Выбрать главу

«Всякая всячина» особенно гневается, когда «Трутень» на неправосудие нападает: «На ругательства, напечатанные в «Трутне», мы ответствовать не хотим, уничтожая оные!»

Уничтожая оные! Николай Иванович схватил перо и написал: «Не понравилось мне первое правило упомянутой госпожи не называть слабости пороком. Я не знаю, что, по мнению сей госпожи, значит слабость. Любить деньги есть слабость, но простительно ли слабому человеку брать взятки? Пьянствовать также слабость, однако пьяному можно жену и детей прибить до полусмерти и подраться с верным своим другом…

Госпожа «Всякая всячина» наши нравоучительные рассуждения называет ругательствами. Но теперь вижу, что она меньше виновата, нежели я думал. Вся ее вина состоит в том, что она на русском языке изъясняться не умеет и русских писателей обстоятельно разуметь не может…»

Он остановился дрогнув: не слишком ли разлетелось перо? Не следует забывать, что во «Всякой всячине» царица пописывает. Он вздохнул, словно вступал в обжигающе-холодную воду, и решительно отмахал еще строки: «Госпожа «Всякая всячина» написала, что пятый лист «Трутня» уничтожает. И это как-то сказано не по-русски: уничтожить, то есть в ничто превратить, есть слово, самовластью свойственное…»

— Ха-ха! Вот как: по-русски изъяснить не умеет, — говорила Екатерина, щурясь, как будто написанное кололо ей глаза. — Меня, немку, задеть хочет! Ваши укусы, господин Трутень, не сильнее блошиных. Никто в России не скажет, что я власть во зло употребила.

Она перебирала листы «Трутня» и посмеивалась благодушно.
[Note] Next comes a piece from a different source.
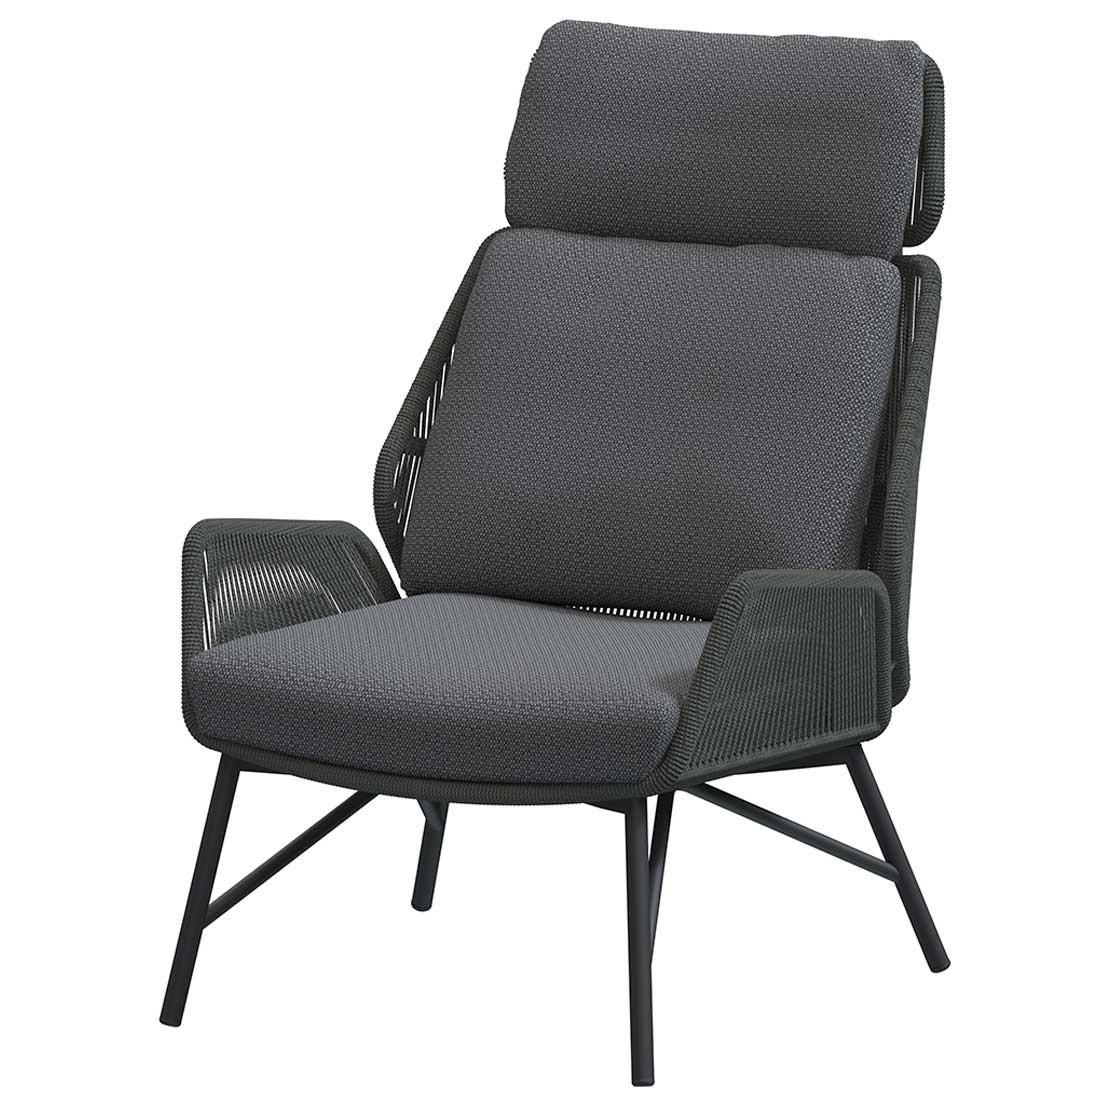 Carthago living chair Platinum with 2 cushions

Сегодня она получила письмо от Вольтера, в коем знаменитый француз восхищался ее терпимостью и человеколюбием. Оттого настроение было отменным.
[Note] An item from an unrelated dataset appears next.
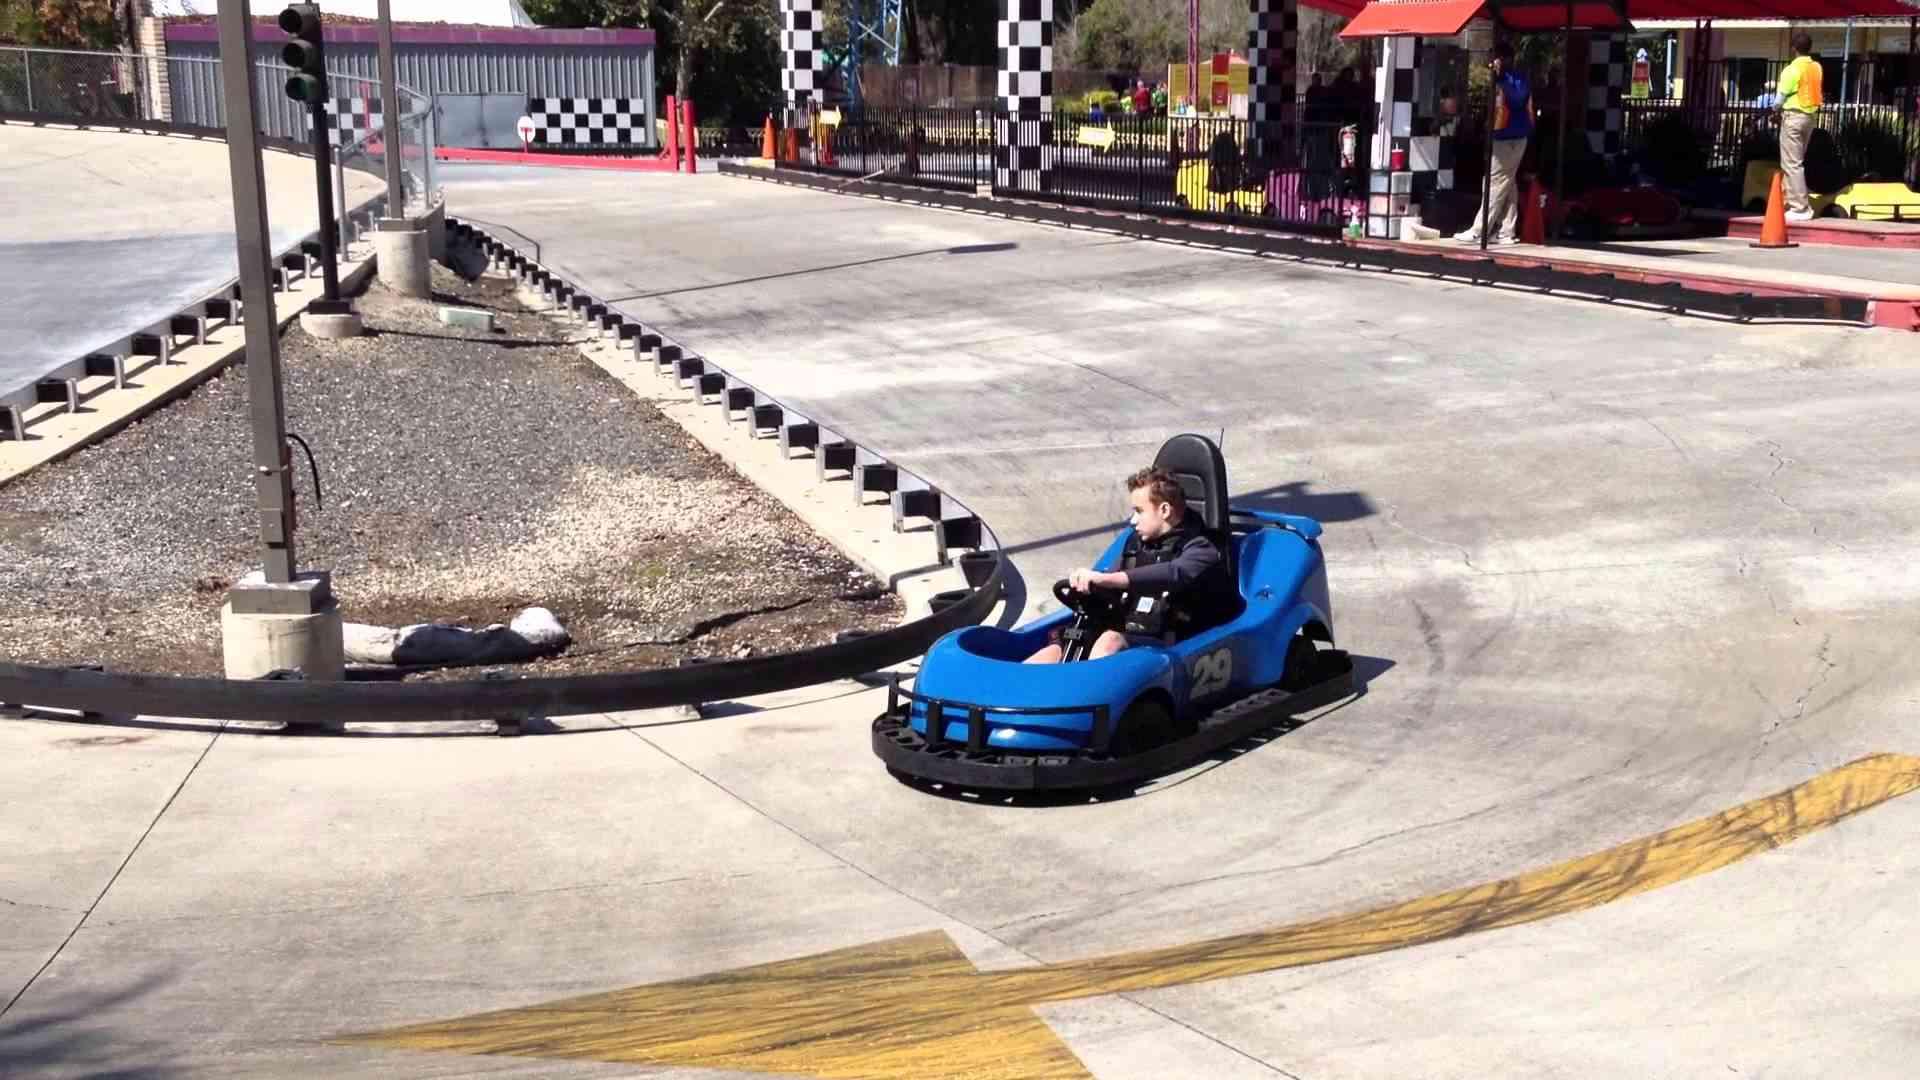 Kart Racing at Magic Mountain in Columbus

— Однако и «Всякая всячина» бестолково написала. Надо Козицкому указать.

Она сладко потянулась. Пламя свечей заколебалось, блики скользнули по тяжелым складкам голубоватого платья и растворились в полумраке комнаты. Ей нравился этот голубоватый цвет: холодный и чистый. Она любила вечерние часы покоя и ожидания. Мысли приходят легкие и значительные, и так приятно их класть на бумагу в назидание современникам и потомкам.

Нет, не на дворцовых приемах, балах и празднествах она — царица. Не в блеске дворцовой мишуры, а здесь, в покое, где царит ее мысль, где склоняются перед ней самые умные мужи России. И не только России… Вольтер, Дидро, Д’Аламбер — самые просвещенные люди Европы.

В дверь стукнули осторожно, условленно. Она радостно отозвалась. На пороге высилась могучая фигура светлейшего князя Потемкина.

— Что-то вы, ваше сиятельство, не торопитесь.

— Матушка, летел на крыльях, — отвечал Потемкин лениво.

Ох и лентяй светлейший князь! Красив и умен как лев, но движения лишнего не сделает.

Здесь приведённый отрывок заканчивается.